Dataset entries

Content starts

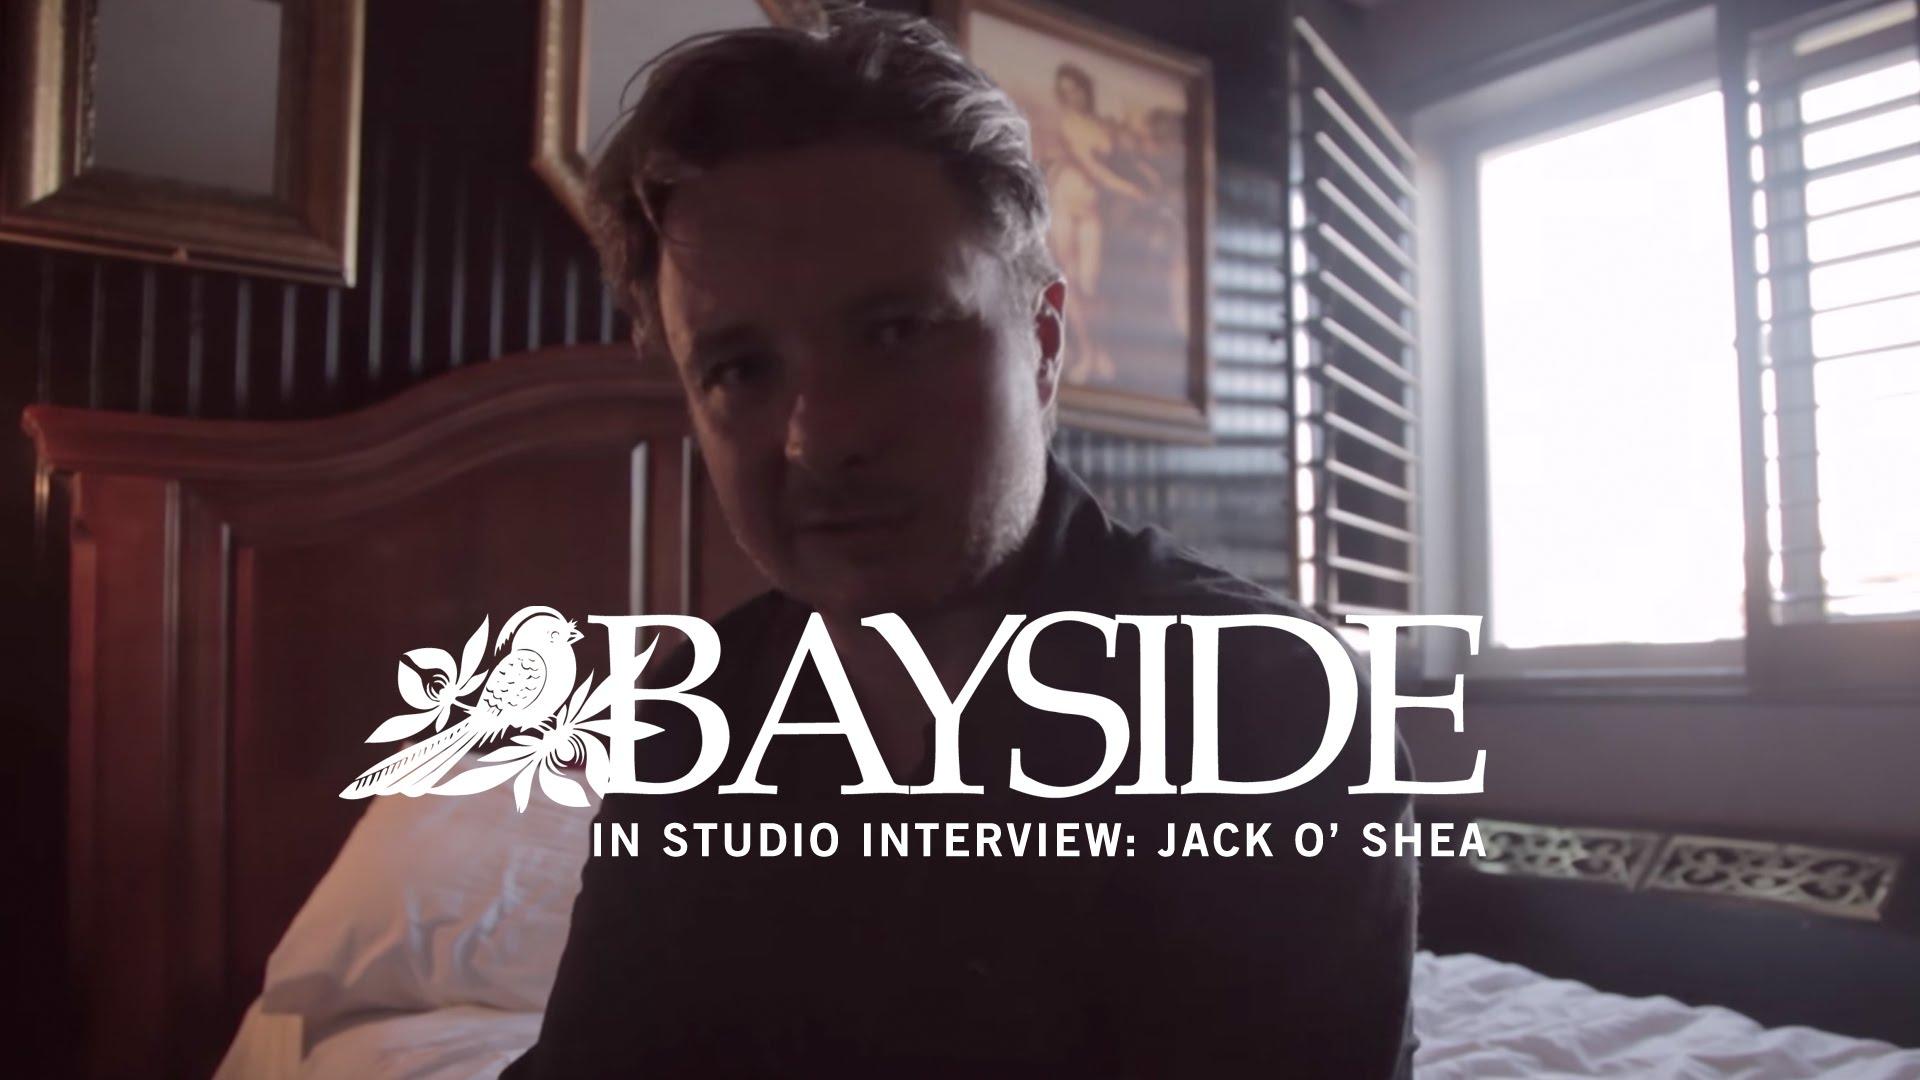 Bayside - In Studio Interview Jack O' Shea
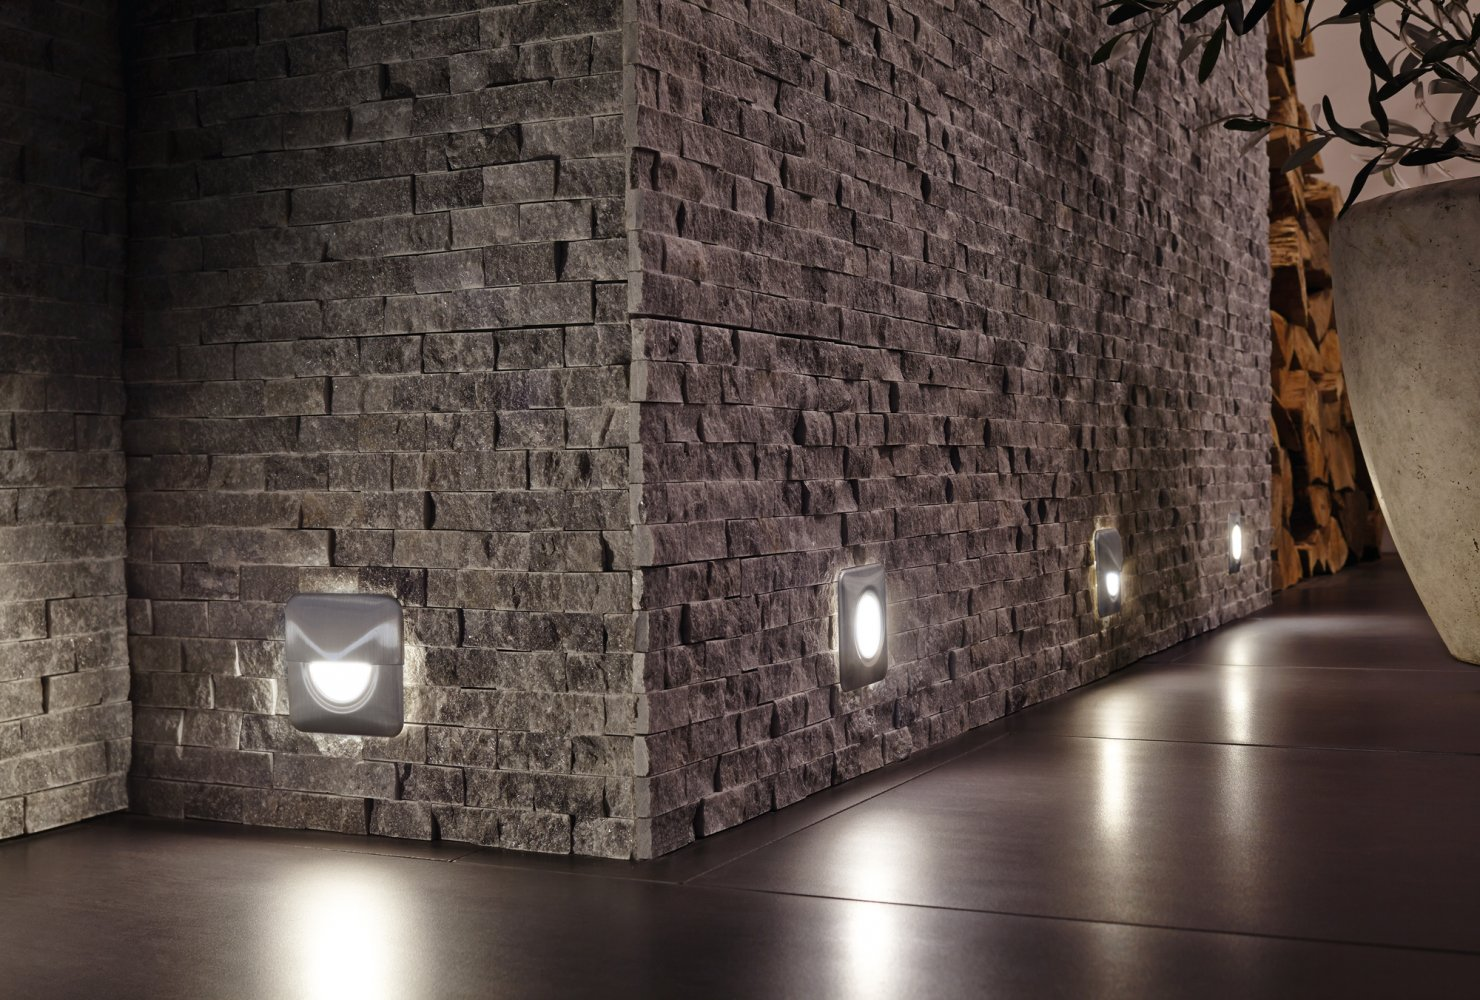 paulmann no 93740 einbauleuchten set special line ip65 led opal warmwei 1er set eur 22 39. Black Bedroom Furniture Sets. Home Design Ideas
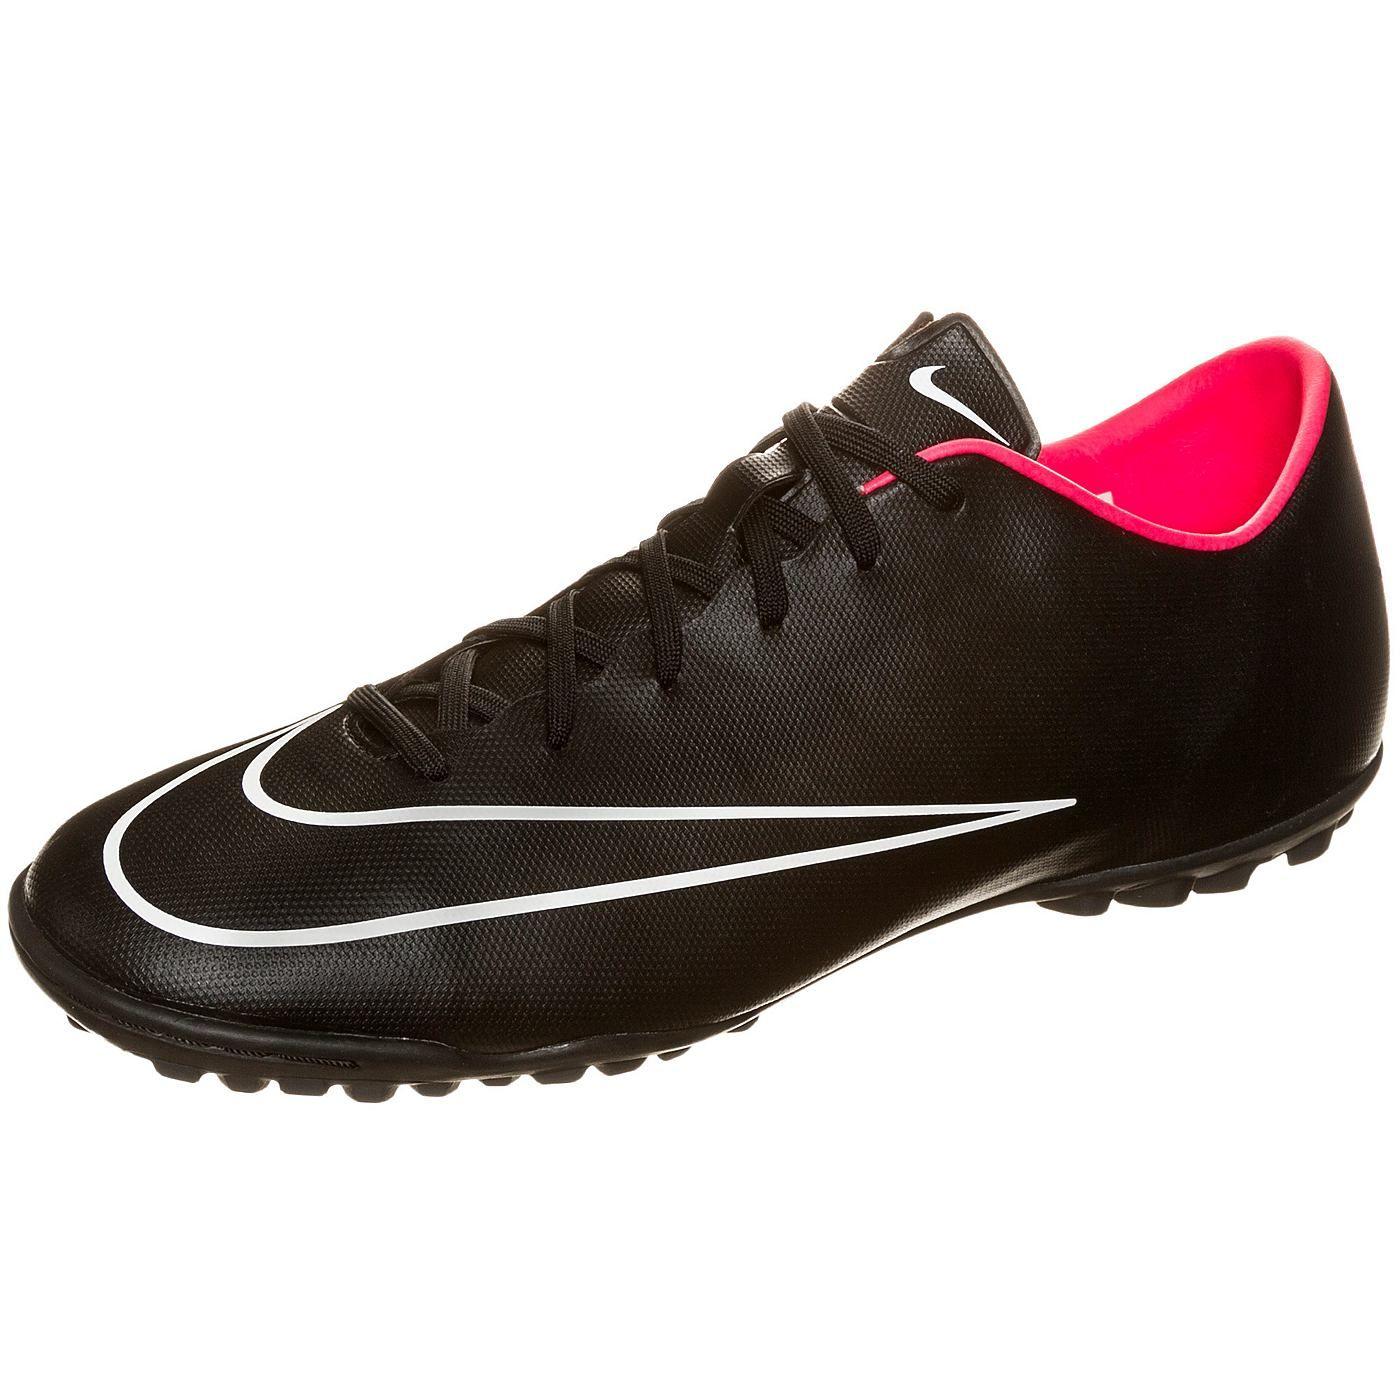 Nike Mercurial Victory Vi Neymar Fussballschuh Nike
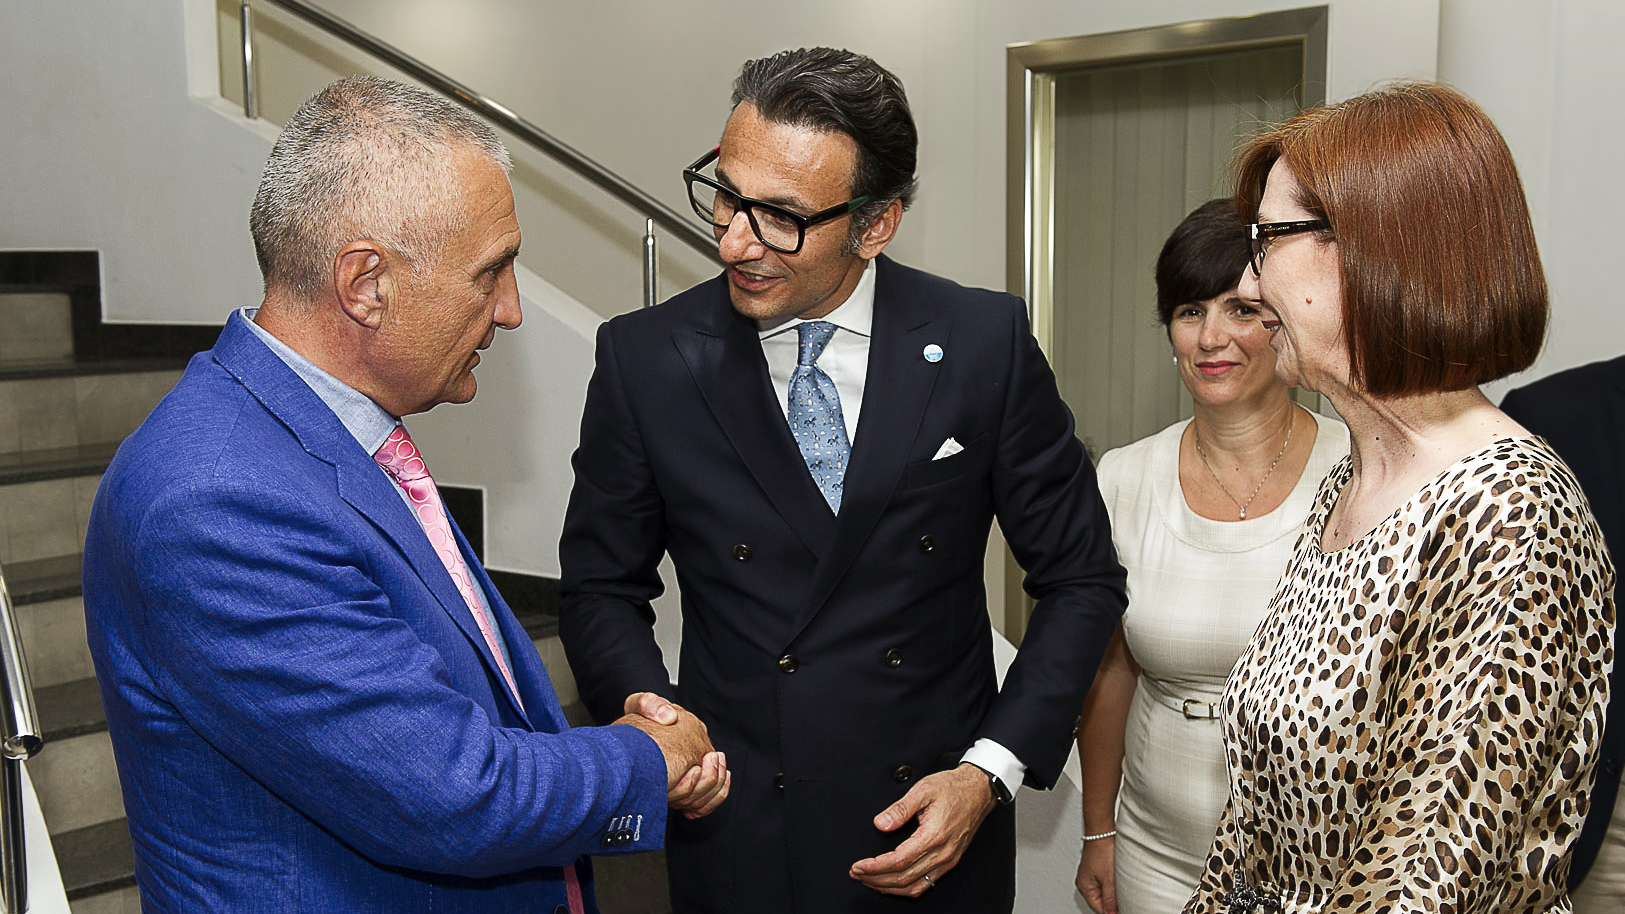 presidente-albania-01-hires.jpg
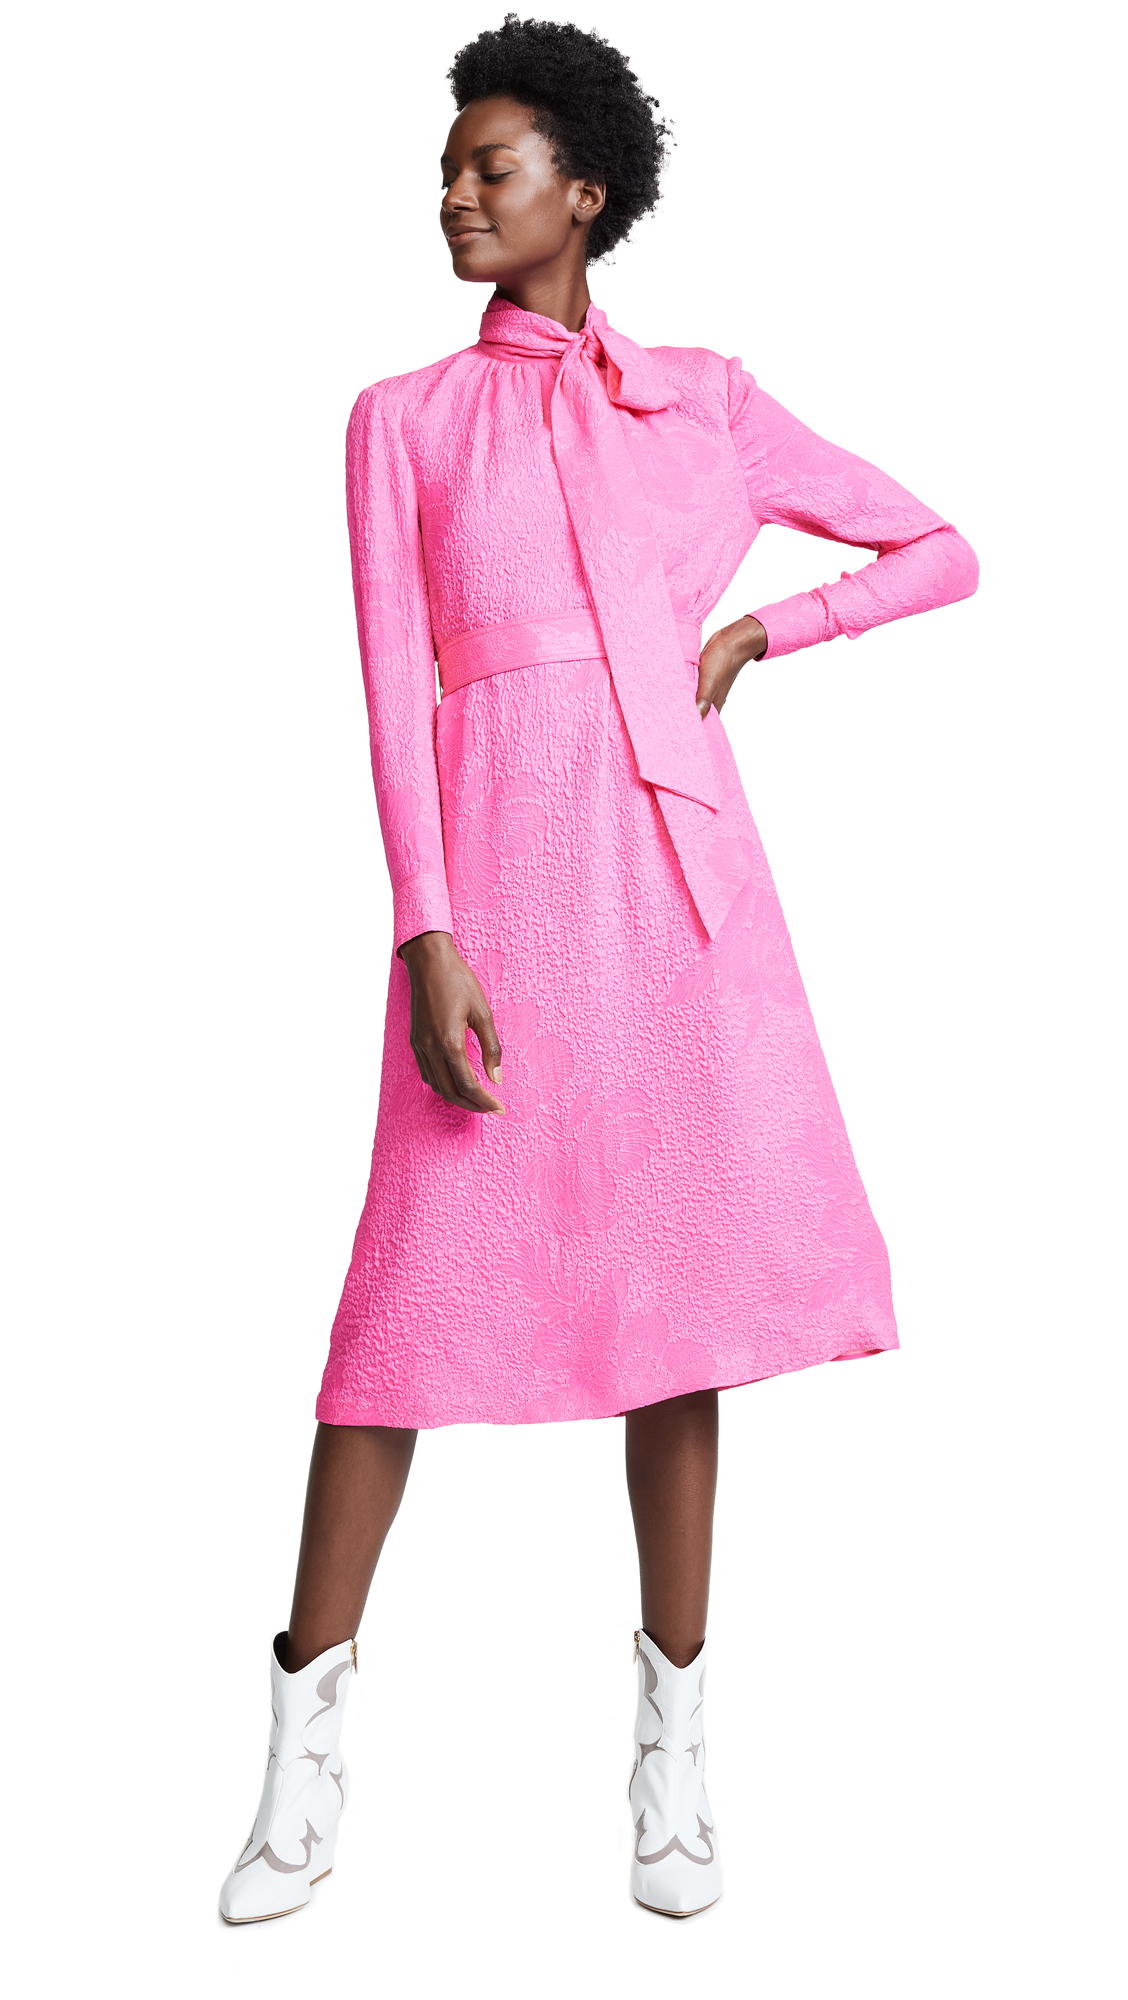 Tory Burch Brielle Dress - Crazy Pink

Content ends

— Work task —
Every entry above should be duplicated exactly. Do not include the images.

— Finished task —
 Bayside - In Studio Interview Jack O' Shea
 paulmann no 93740 einbauleuchten set special line ip65 led opal warmwei 1er set eur 22 39. Black Bedroom Furniture Sets. Home Design Ideas
 Nike Mercurial Victory Vi Neymar Fussballschuh Nike
 presidente-albania-01-hires.jpg
 Tory Burch Brielle Dress - Crazy Pink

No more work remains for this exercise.